Игорь Куберский - Портрет Иветты
Меж тем стало подмораживать, снежную кашу прихватило, и тротуары на глазах подсохли, затянув ледяной пленкой редкие лужицы. За облаками, где-то совсем рядом, бродило солнце. А может взять и уехать? Улететь? А через часа четыре позвонить ей на работу. Огорчить. Озадачить. Много бы он отдал за нотку ее огорчения...
Зашел в телефонную будку и набрал ее номер. Сплошное везение – она была дома. Ей перенесли дежурство. До часу еще уйма времени!

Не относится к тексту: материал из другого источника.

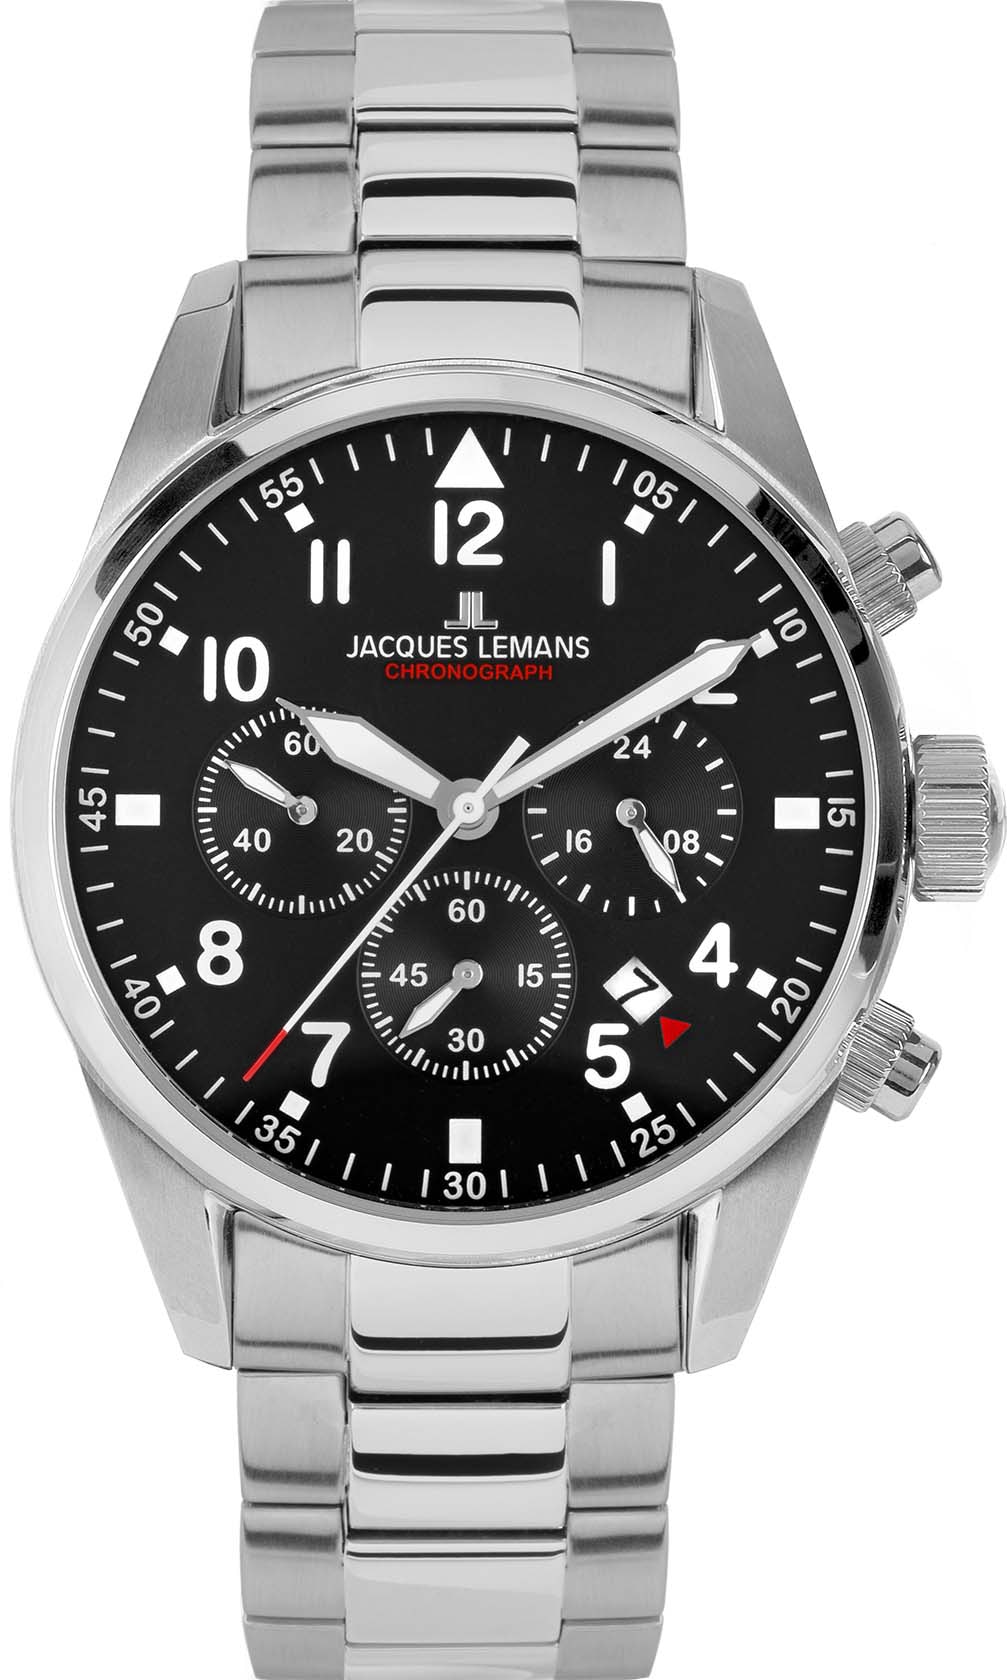 Jacques Lemans Uhren für Herren jetzt günstig bestellen ▻ | Quarzuhren

– Ну, так я сейчас заеду? – отважно спросил он, зная, что с ее «нет» ему будет очень трудно справиться.
– Зачем? – сказала она не очень вежливо.
– Кофейком напоишь. Опять же подарок для тебя. Не могу же я с ним по городу таскаться. Неровен час – арестуют.
– Ты что, Дима... – сказала она и замолчала.

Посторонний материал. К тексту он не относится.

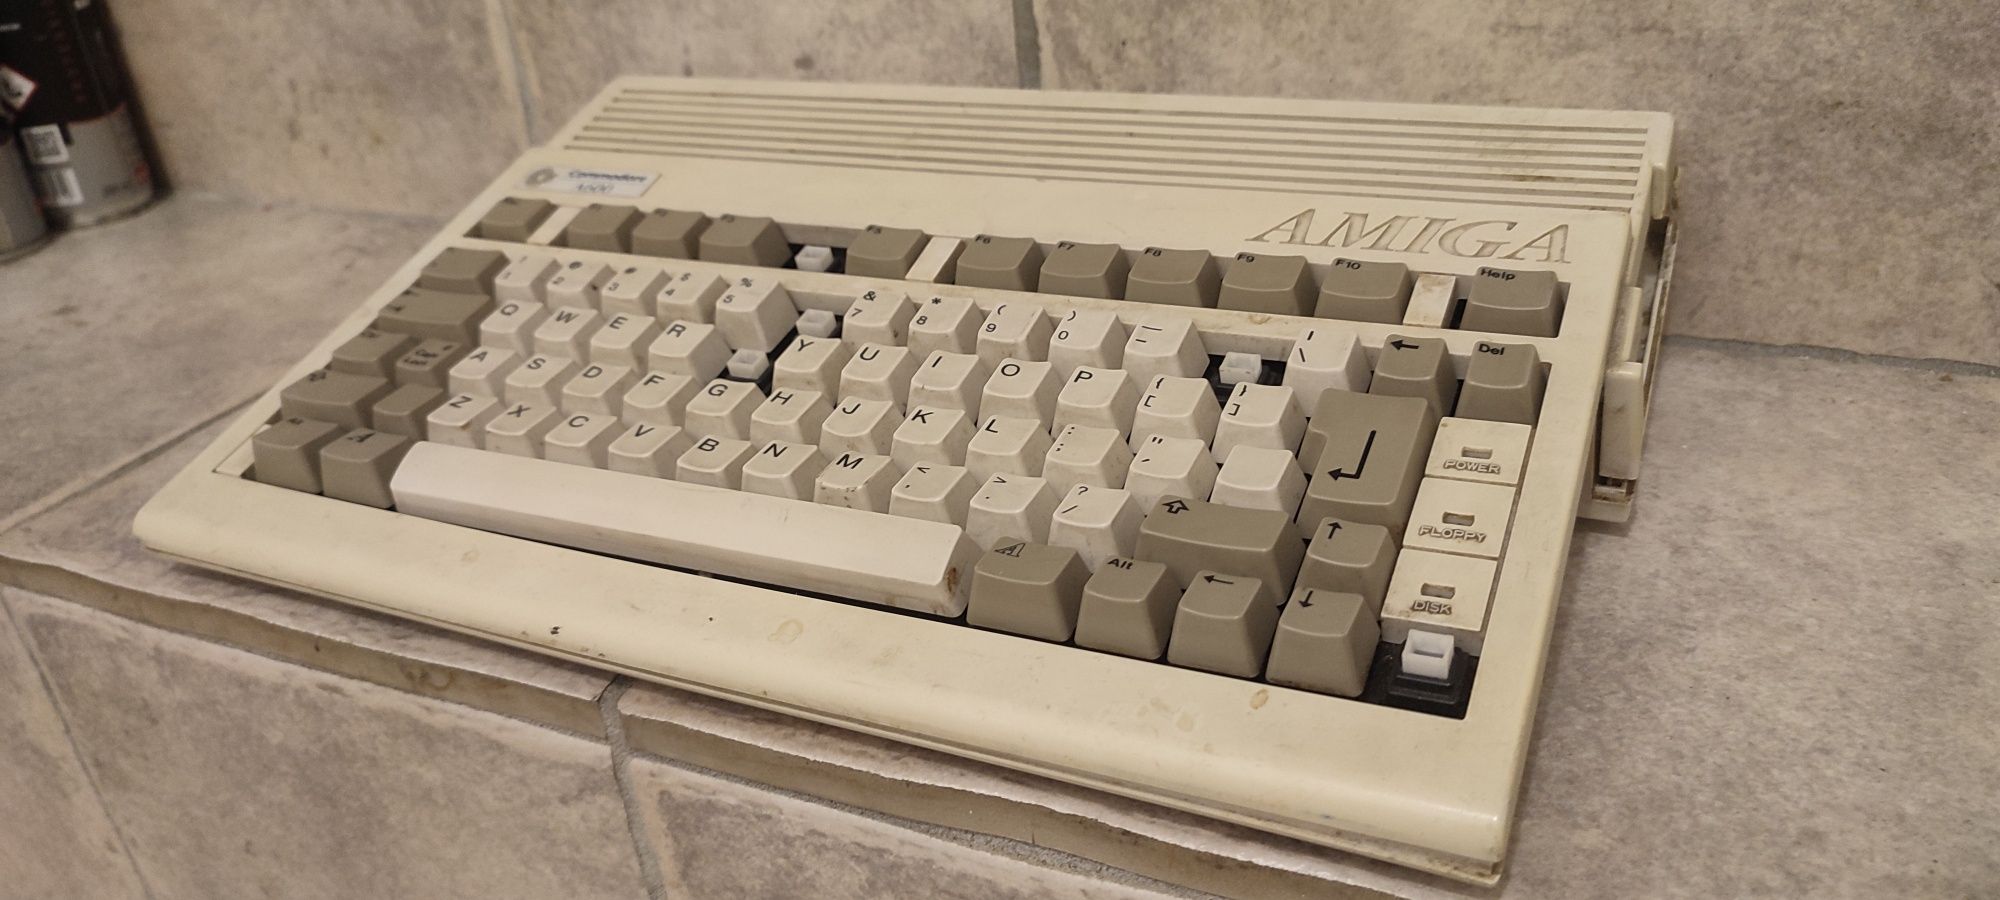 Amiga 600 zamienię na stare kapselki

То, как она это сказала, и эта ее пауза прозвучали для него небесной музыкой.
– Ты что, свою картину украл?
– Ну да, в этом роде...
– Тебе ее отдали?
– Угу, теперь вот хожу с ней, не знаю куда деть. Метр семьдесят на метр сорок.
– Сдай в багажное отделение.
– Там не принимают. Говорят, художественная ценность.
– Ох уж и ценность...
– Ну да, – сказал он, – сам не ожидал.
Он слышал ее улыбку и улыбался в ответ. И за это мгновенье он готов был пожертвовать всем своим несчастным творчеством.

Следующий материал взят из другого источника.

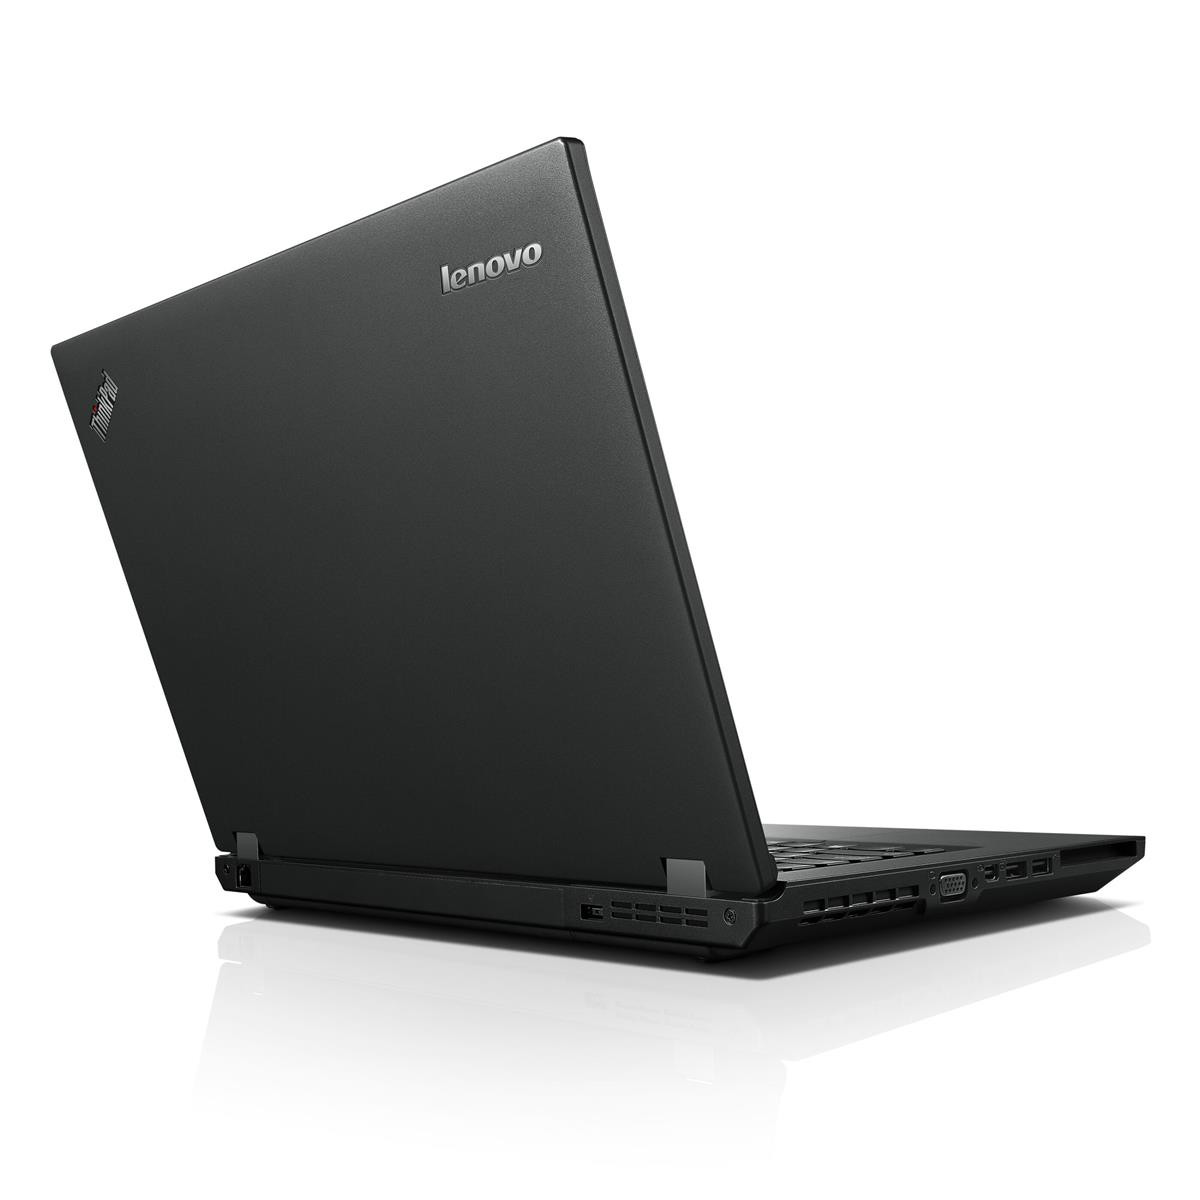 LENOVO ThinkPad L440 Intel Core i5-4300M 4GB RAM 500GB HDD HD WWAN Win 10 Pro (DVD Blende fehlt)

– Ну ладно, – поколебавшись, сказала она. – Привози. За хранение ничего не возьму.
И он полетел к ней.
– Здравствуй, – сказала она, открыв дверь, и тут же нахмурилась, поскольку никакого крупногабаритного предмета в его руках не наблюдалось. Он молча протянул ей рулончик с ее лицом.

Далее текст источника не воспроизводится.